_Excerpted data_
§ §

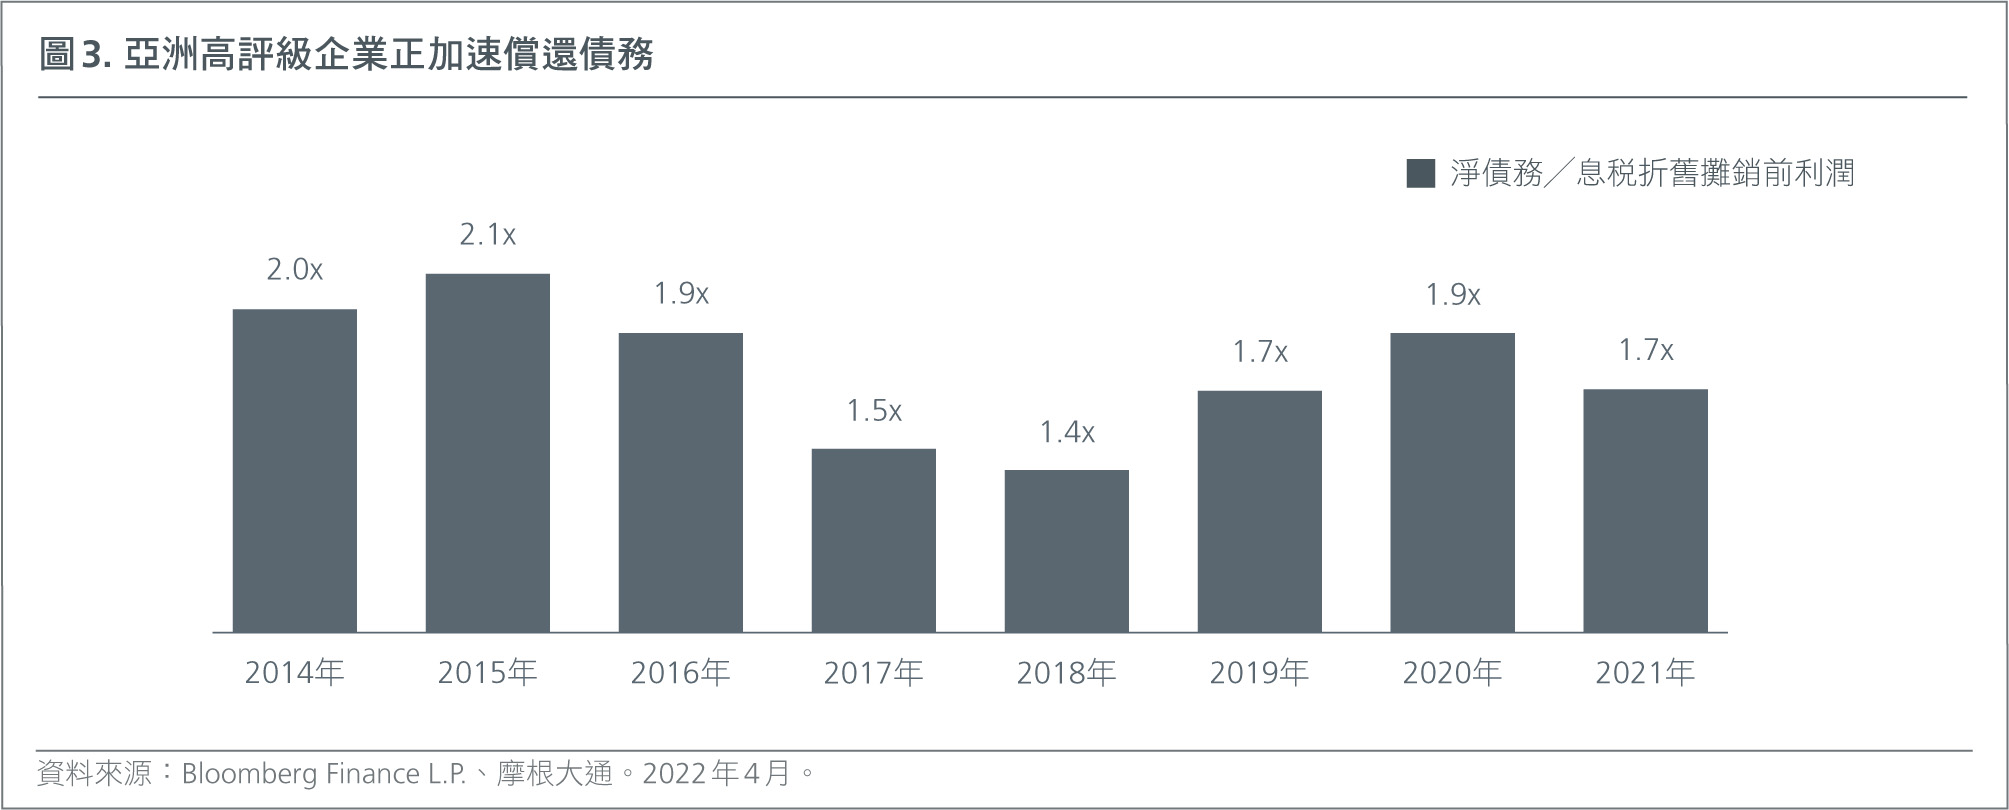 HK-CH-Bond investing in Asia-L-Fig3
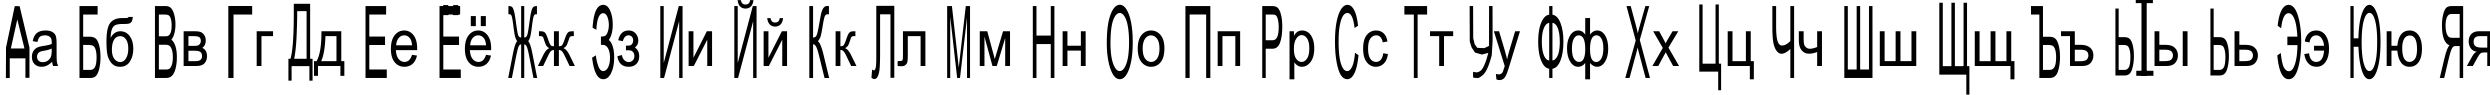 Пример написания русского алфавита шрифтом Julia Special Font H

§ §

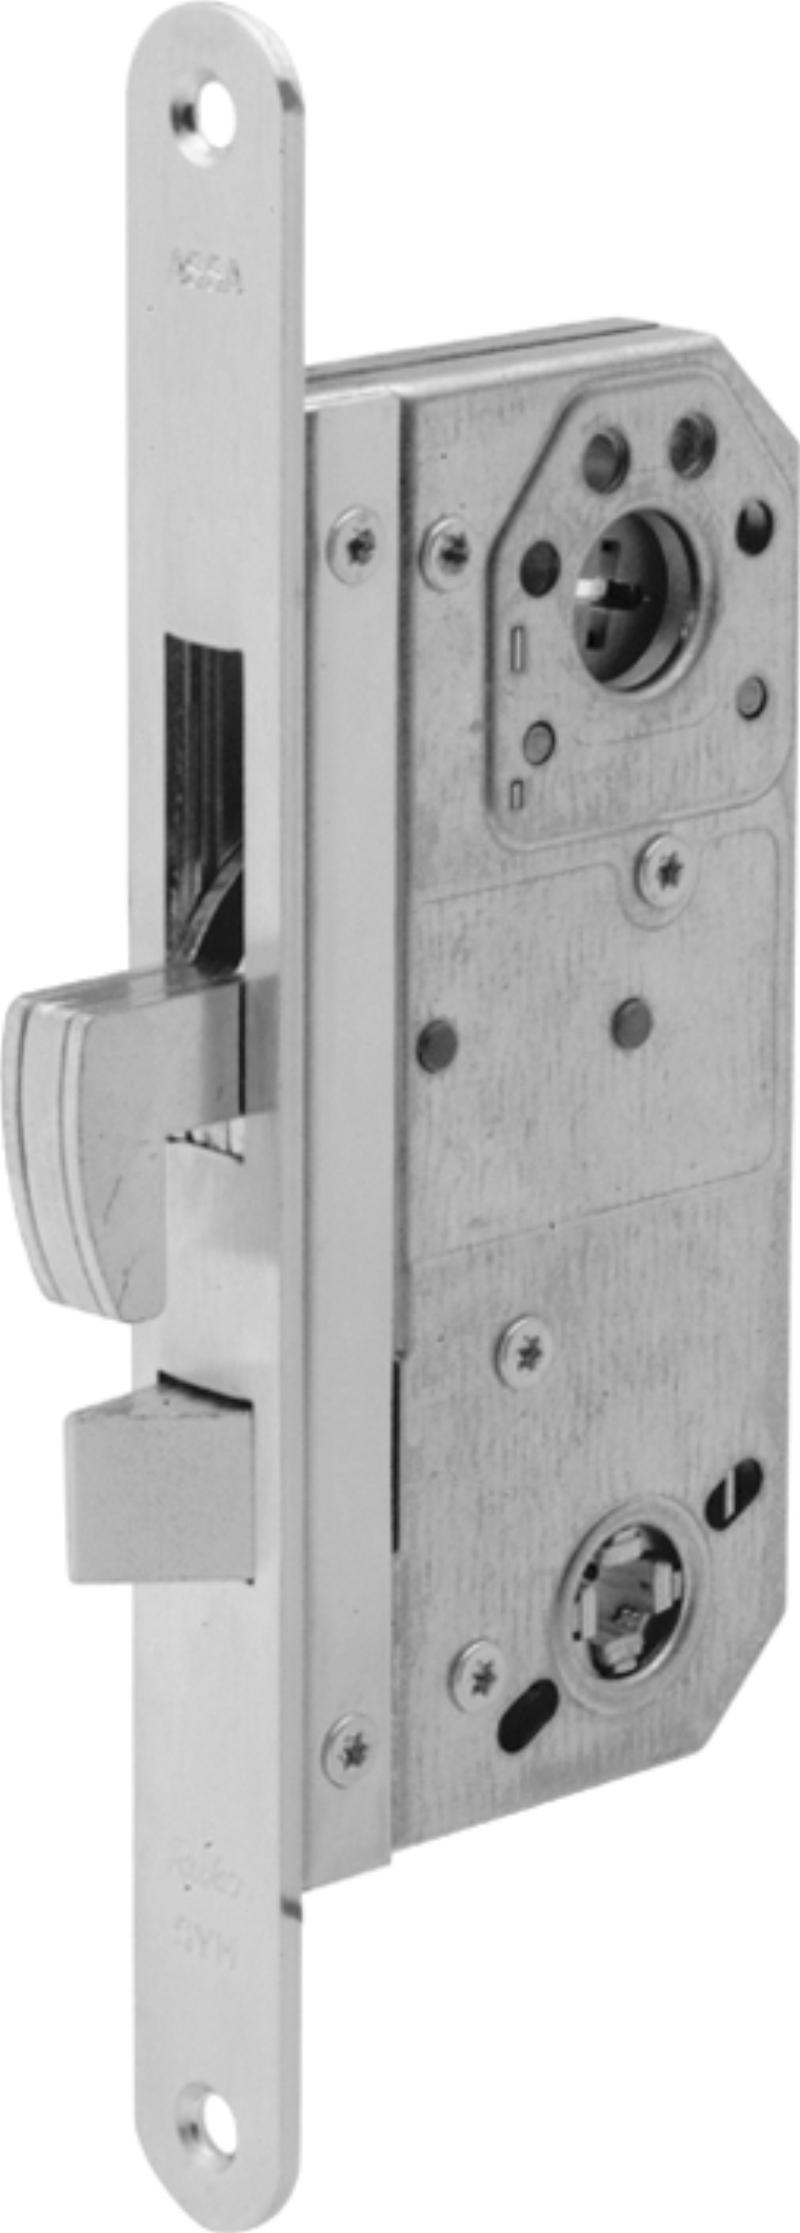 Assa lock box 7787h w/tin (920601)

§ §

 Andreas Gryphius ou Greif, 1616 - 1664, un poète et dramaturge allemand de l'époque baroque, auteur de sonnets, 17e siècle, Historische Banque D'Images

§ §

_What the exercise asks_
Give again the lines of the listing above that run from the one with "HK-CH-Bond investing in Asia-L-Fig3" up to and including the one with "Пример написания русского". Keep them exact and omit the pictures.

_Reply to the task_
 HK-CH-Bond investing in Asia-L-Fig3
 Пример написания русского алфавита шрифтом Julia Special Font H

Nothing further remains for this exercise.